» Task brief:
From the first line to the last, retype everything below exactly, minus the pictures.

» Data below:
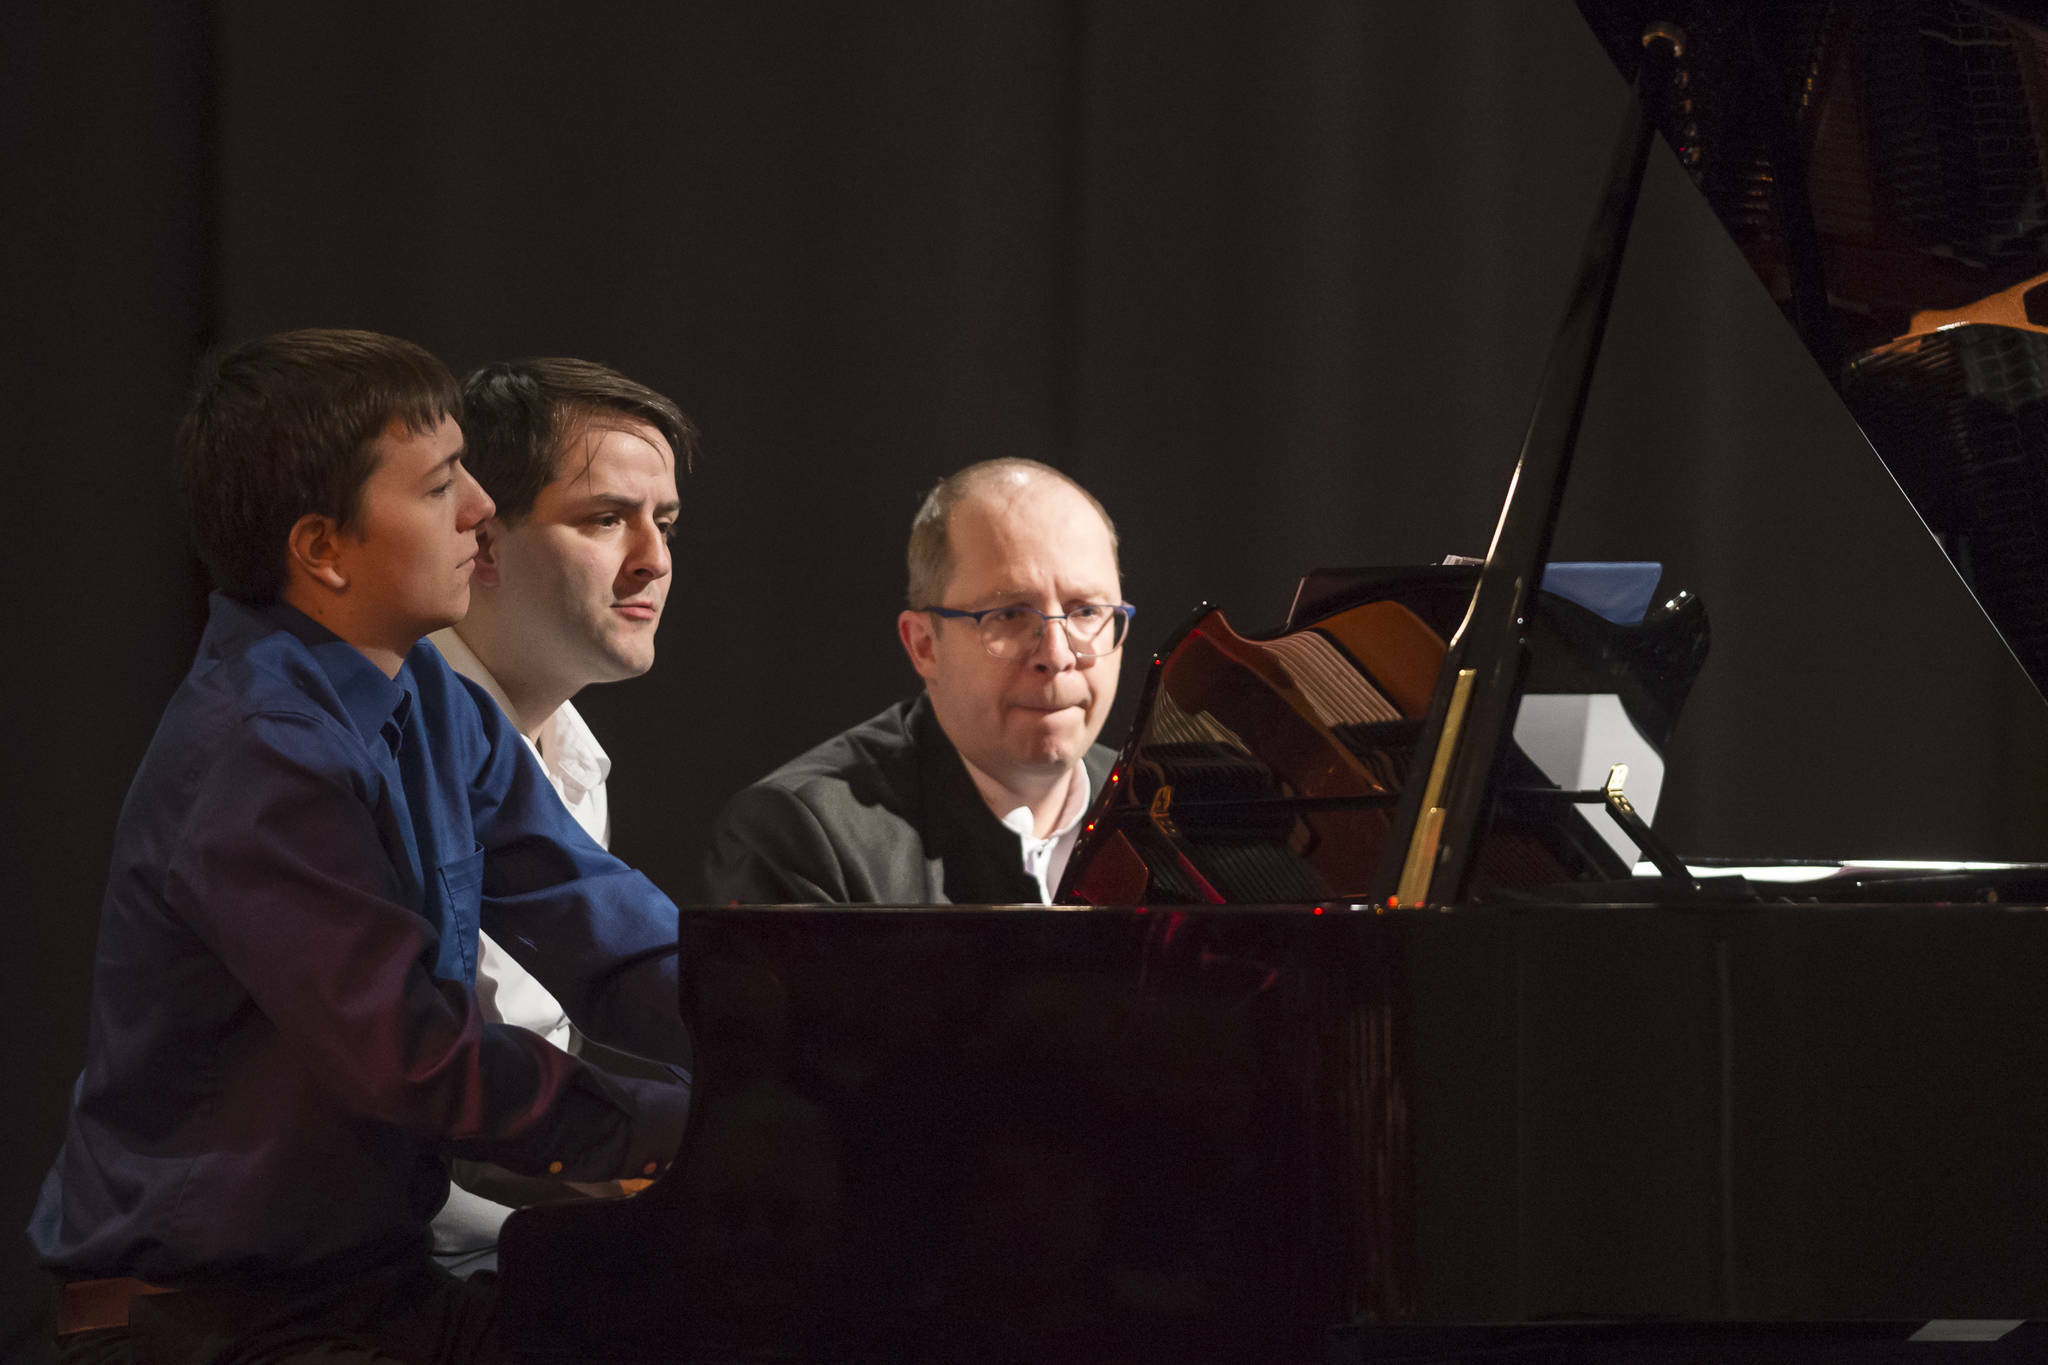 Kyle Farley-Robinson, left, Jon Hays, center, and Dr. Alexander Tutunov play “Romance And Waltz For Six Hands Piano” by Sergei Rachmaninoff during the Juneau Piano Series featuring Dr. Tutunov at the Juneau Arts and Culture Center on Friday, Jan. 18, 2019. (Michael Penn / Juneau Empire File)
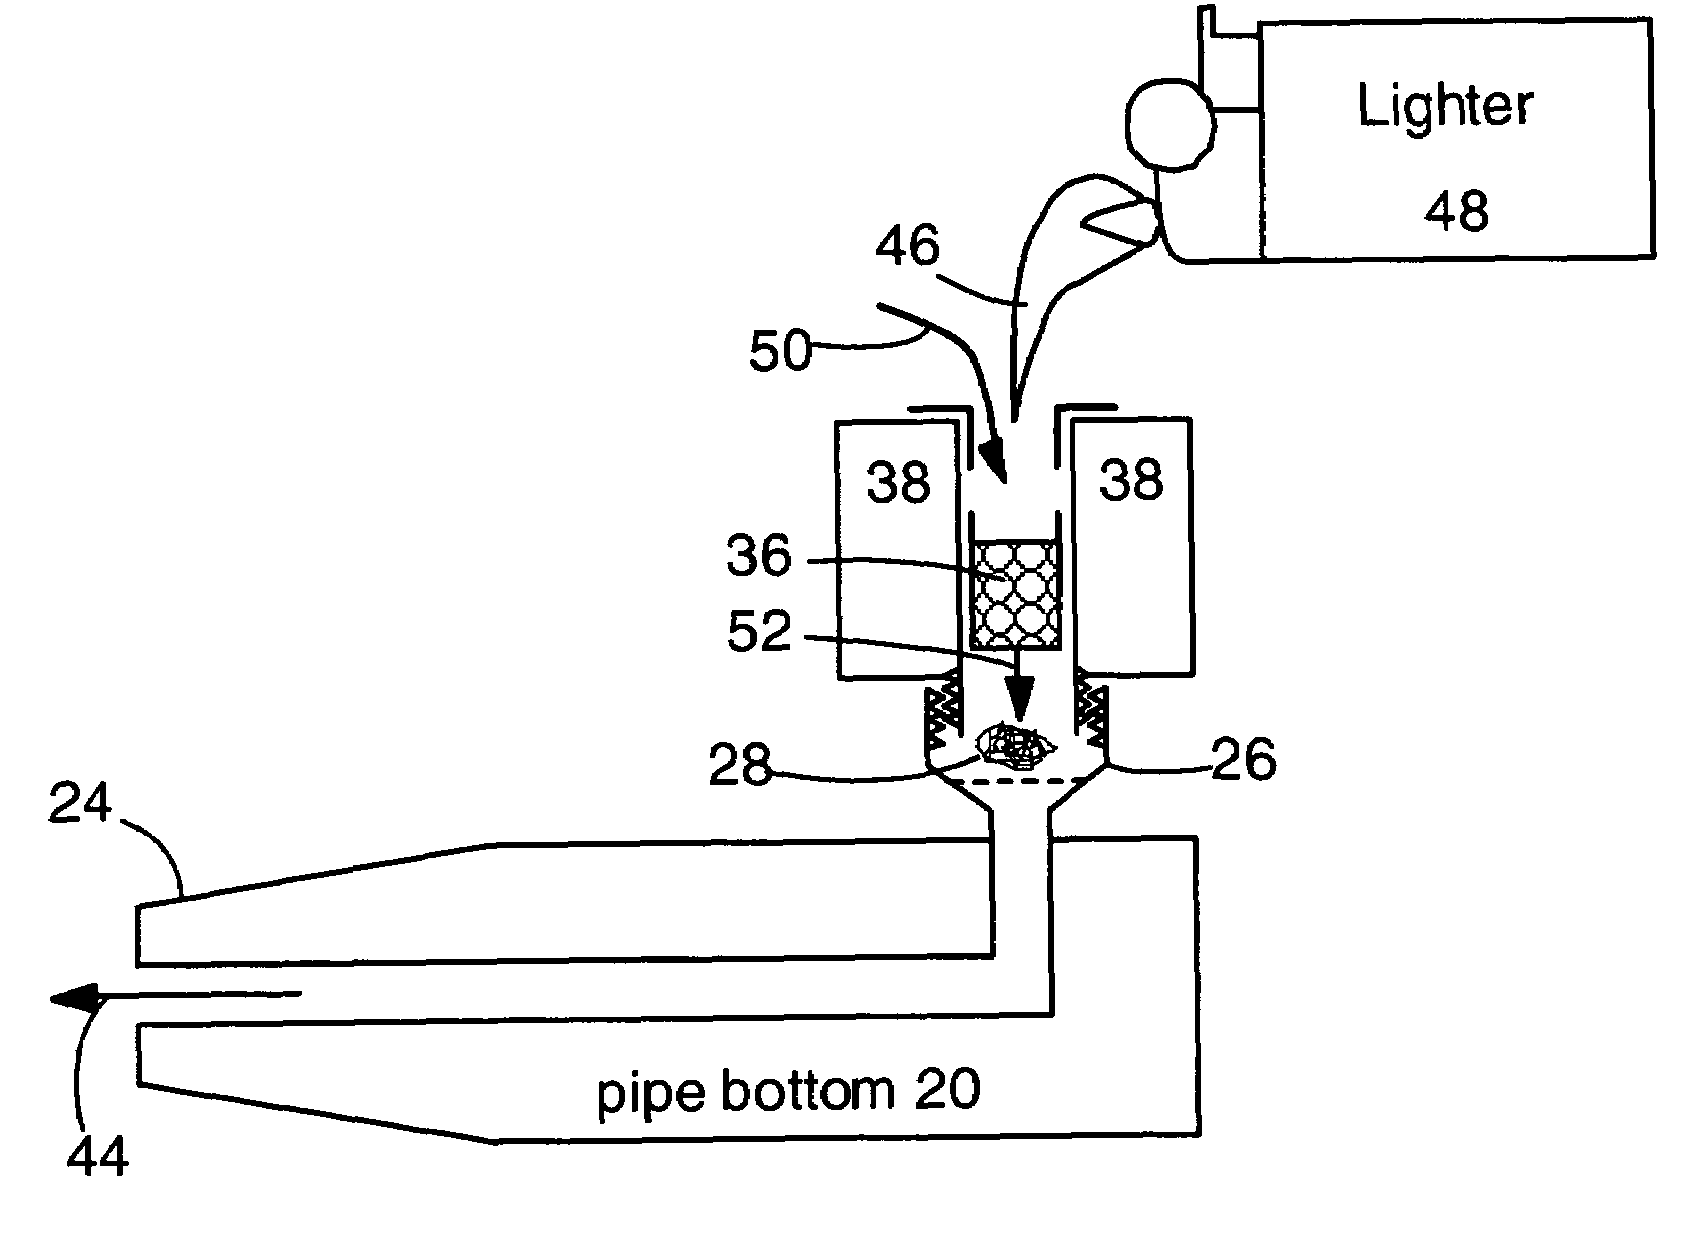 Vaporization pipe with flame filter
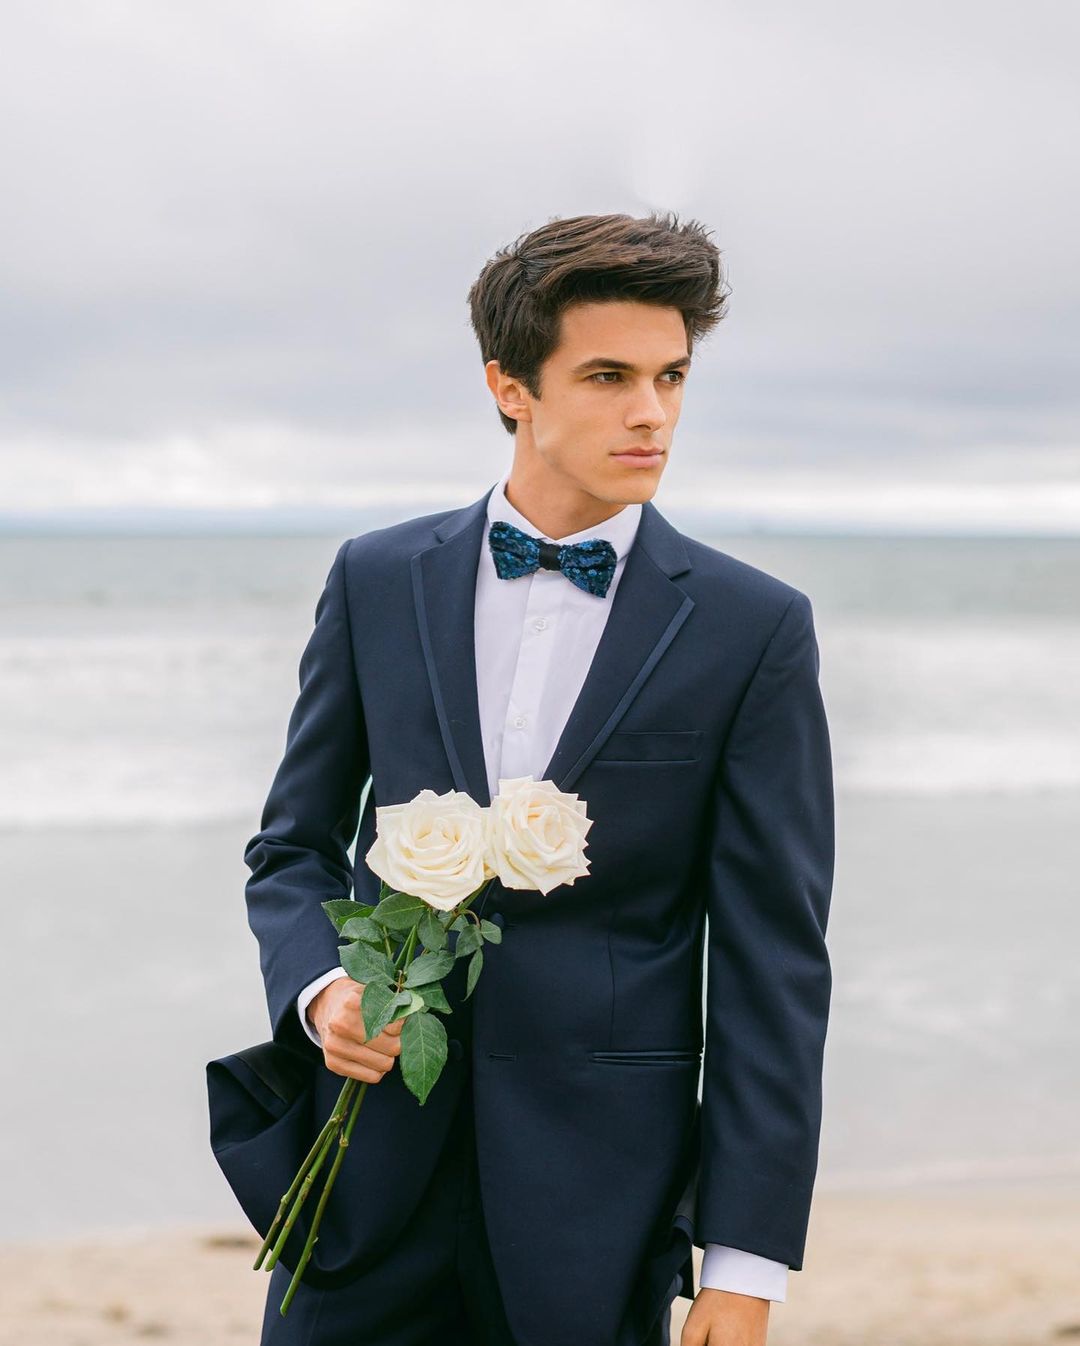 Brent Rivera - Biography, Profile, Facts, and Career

» Exercise output:
 Kyle Farley-Robinson, left, Jon Hays, center, and Dr. Alexander Tutunov play “Romance And Waltz For Six Hands Piano” by Sergei Rachmaninoff during the Juneau Piano Series featuring Dr. Tutunov at the Juneau Arts and Culture Center on Friday, Jan. 18, 2019. (Michael Penn / Juneau Empire File)
 Vaporization pipe with flame filter
 Brent Rivera - Biography, Profile, Facts, and Career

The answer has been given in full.